[Supplied records — start]
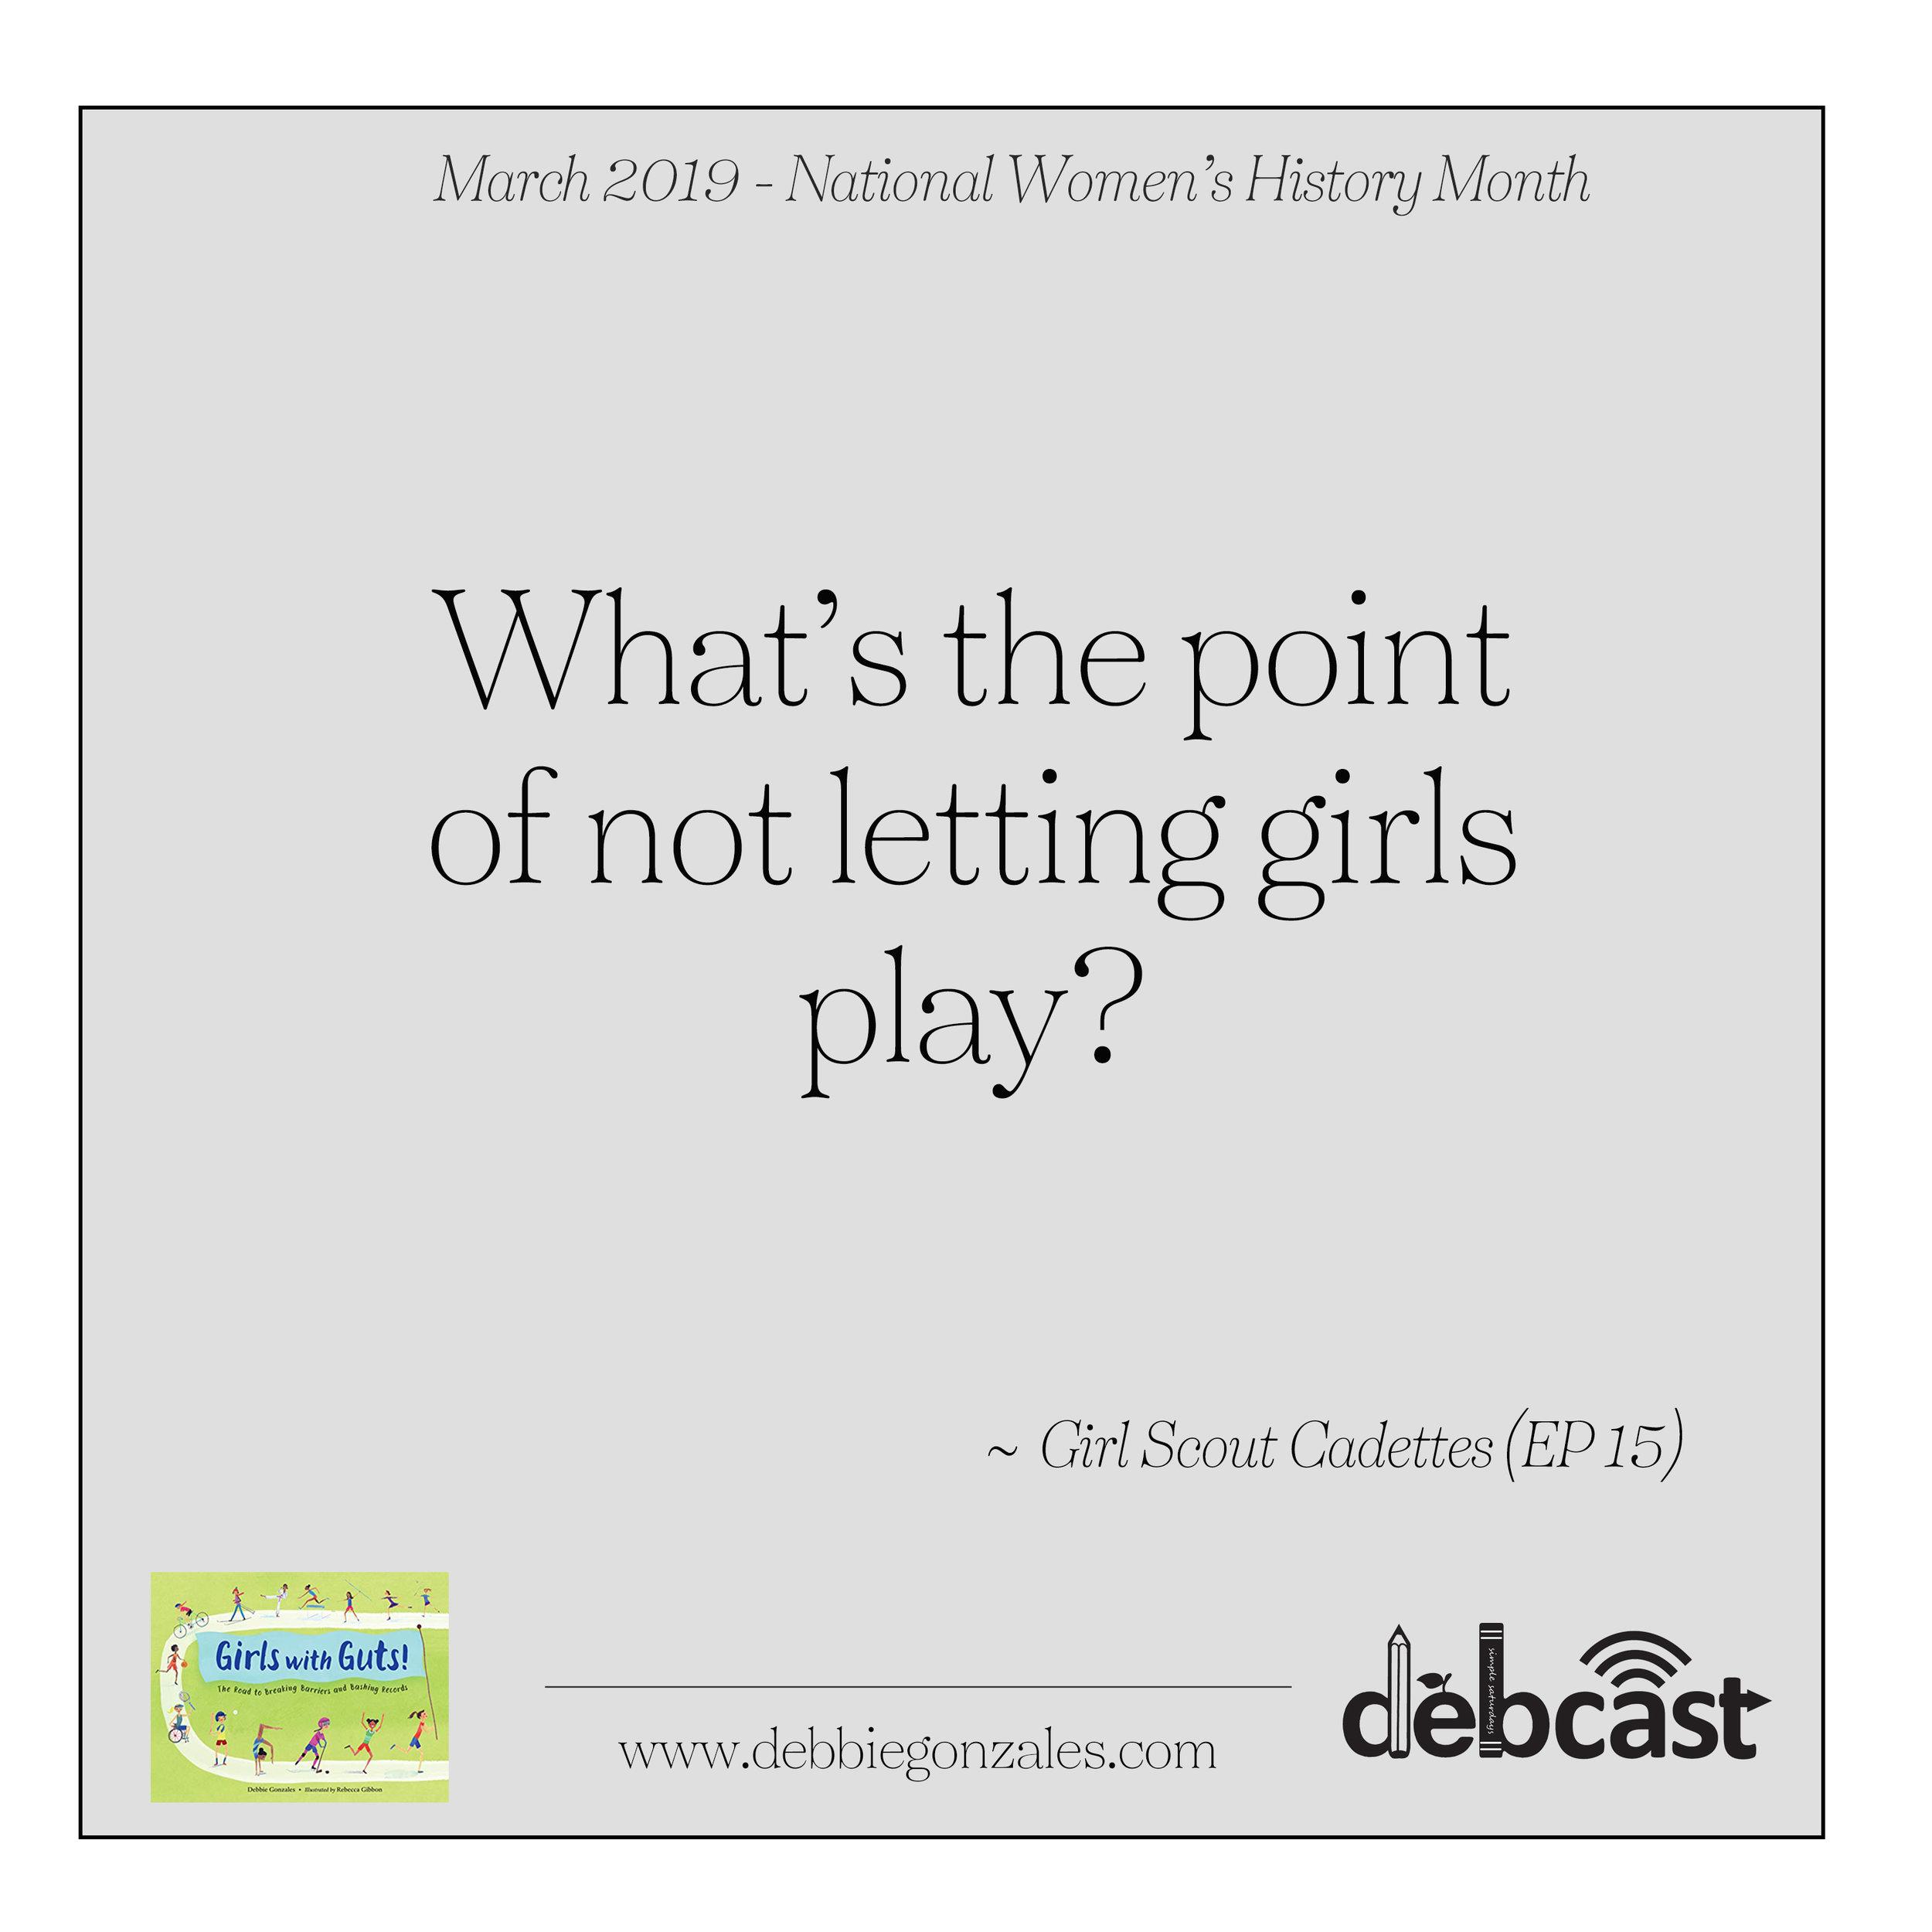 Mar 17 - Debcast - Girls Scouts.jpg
[Supplied records — finish]
[Supplied records — start]
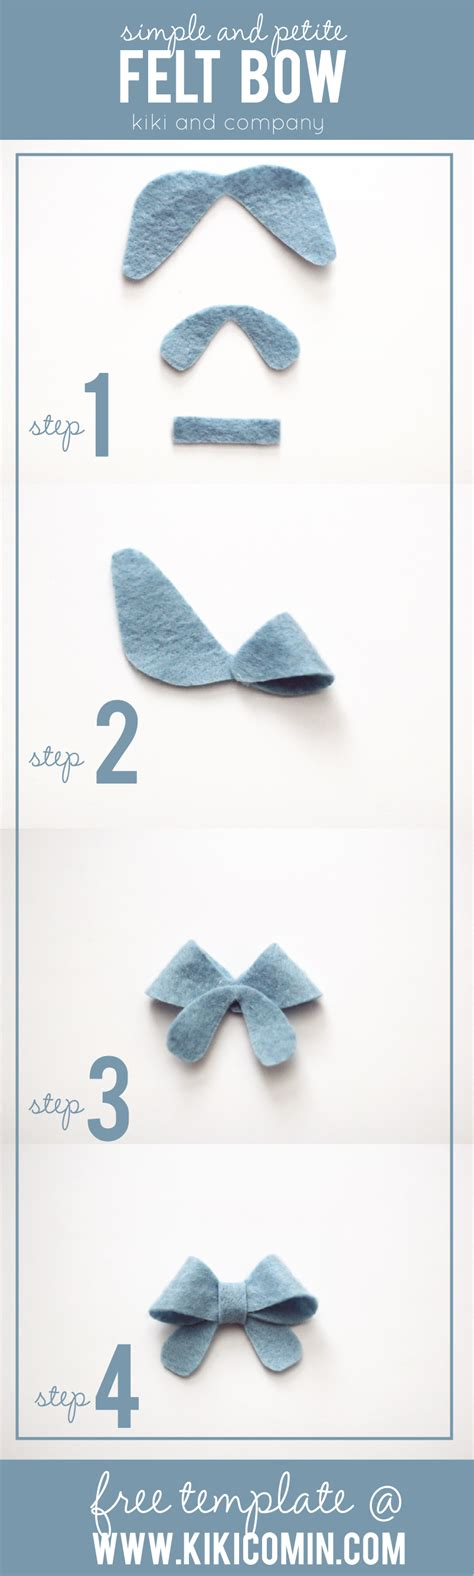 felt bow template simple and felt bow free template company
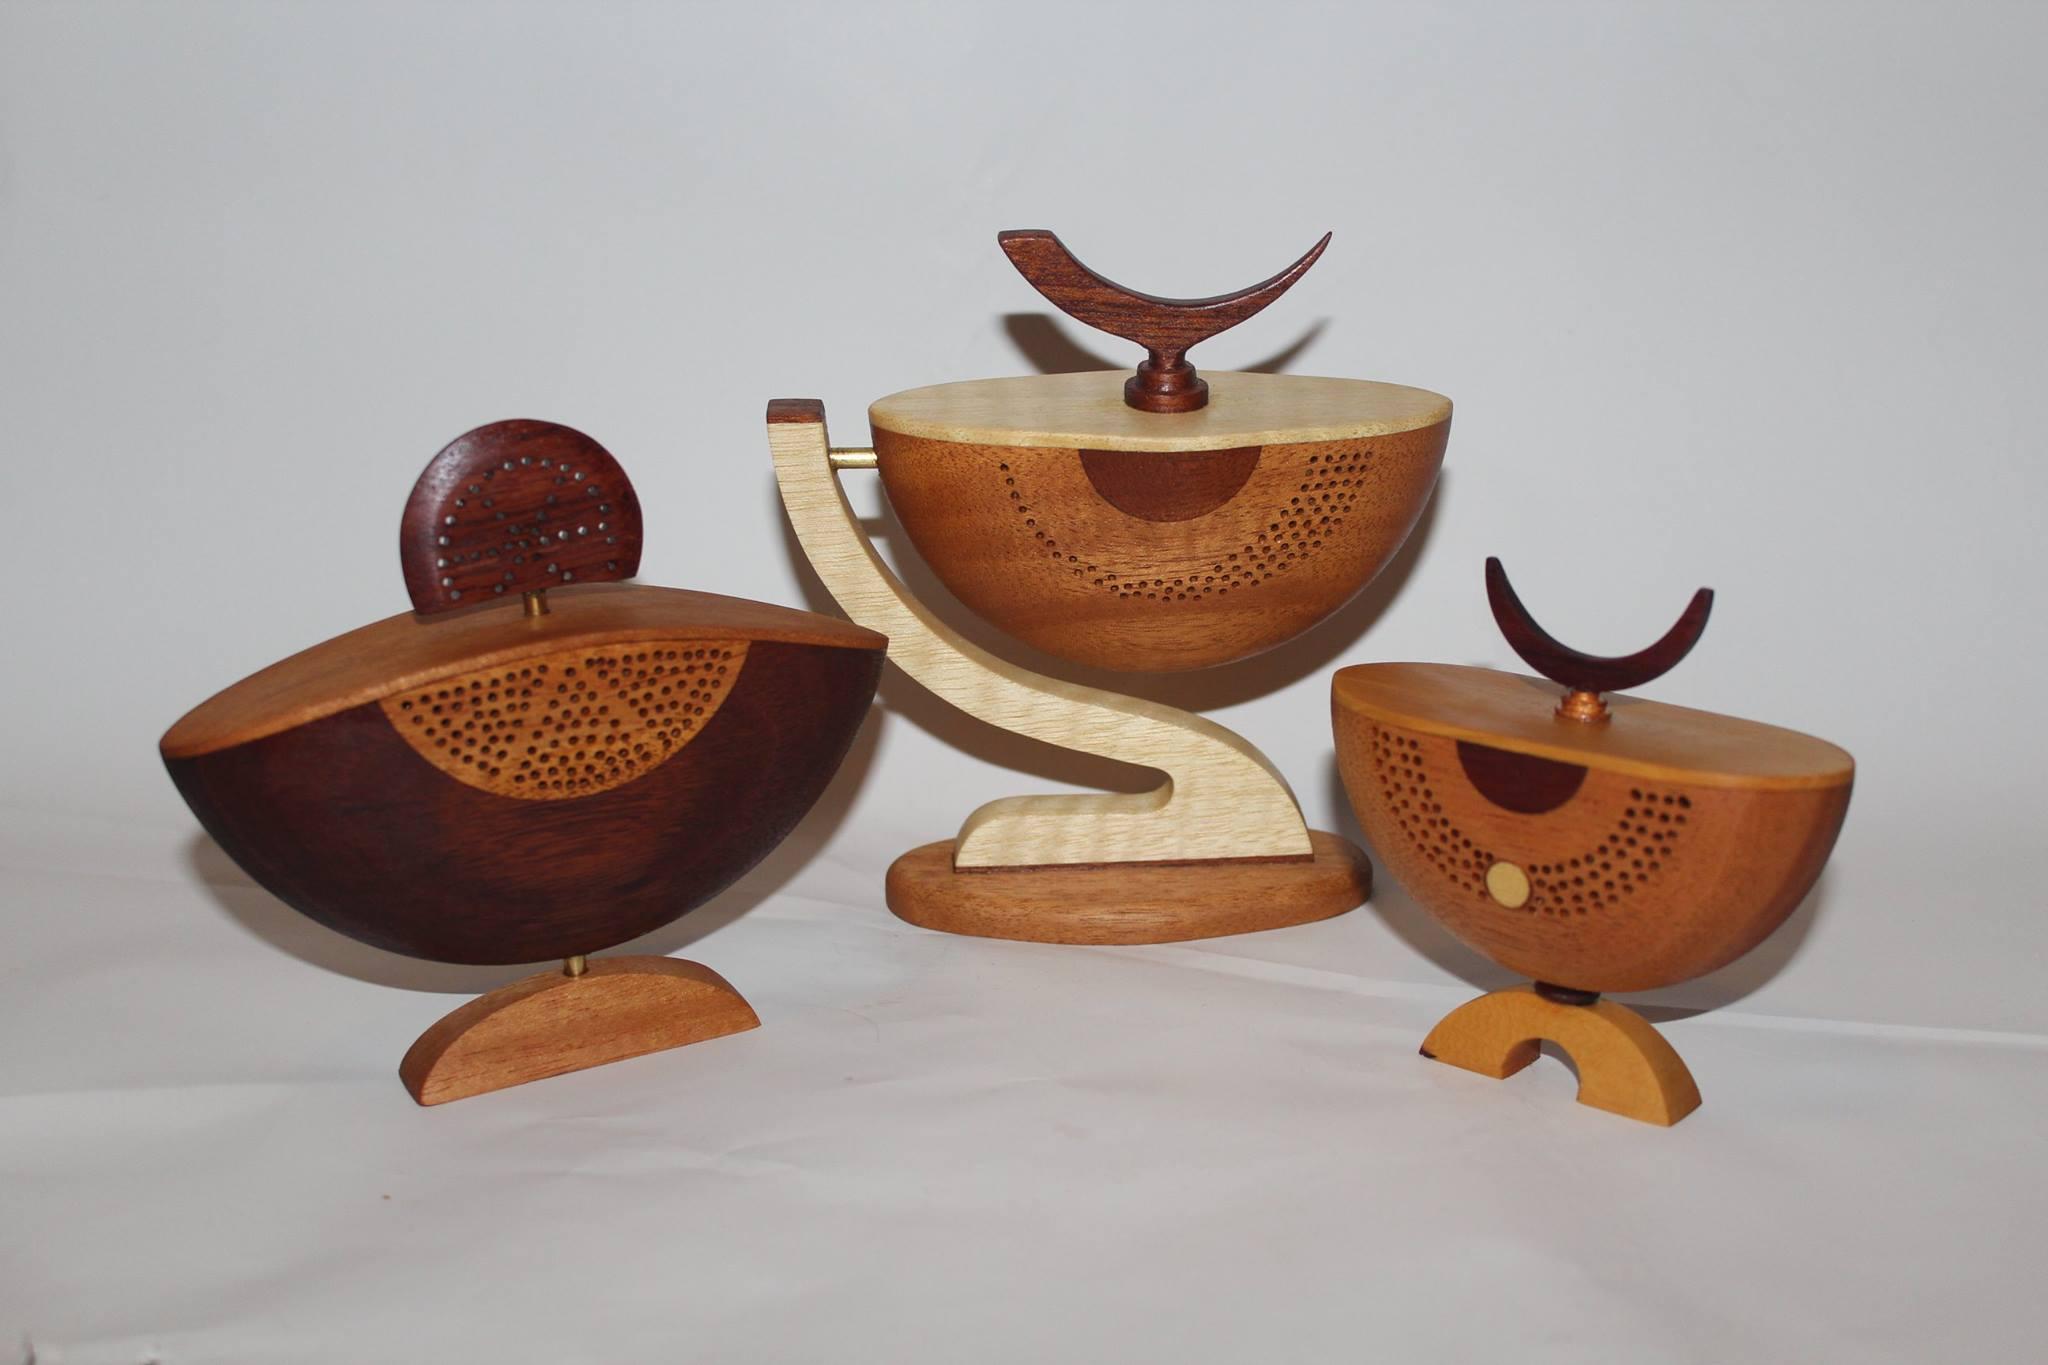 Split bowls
[Supplied records — finish]
*Exercise description*
What you return must match, character for character, the lines above from the one with "felt bow template" through the one with "Split bowls", minus any pictures.

*Worked solution*
 felt bow template simple and felt bow free template company
 Split bowls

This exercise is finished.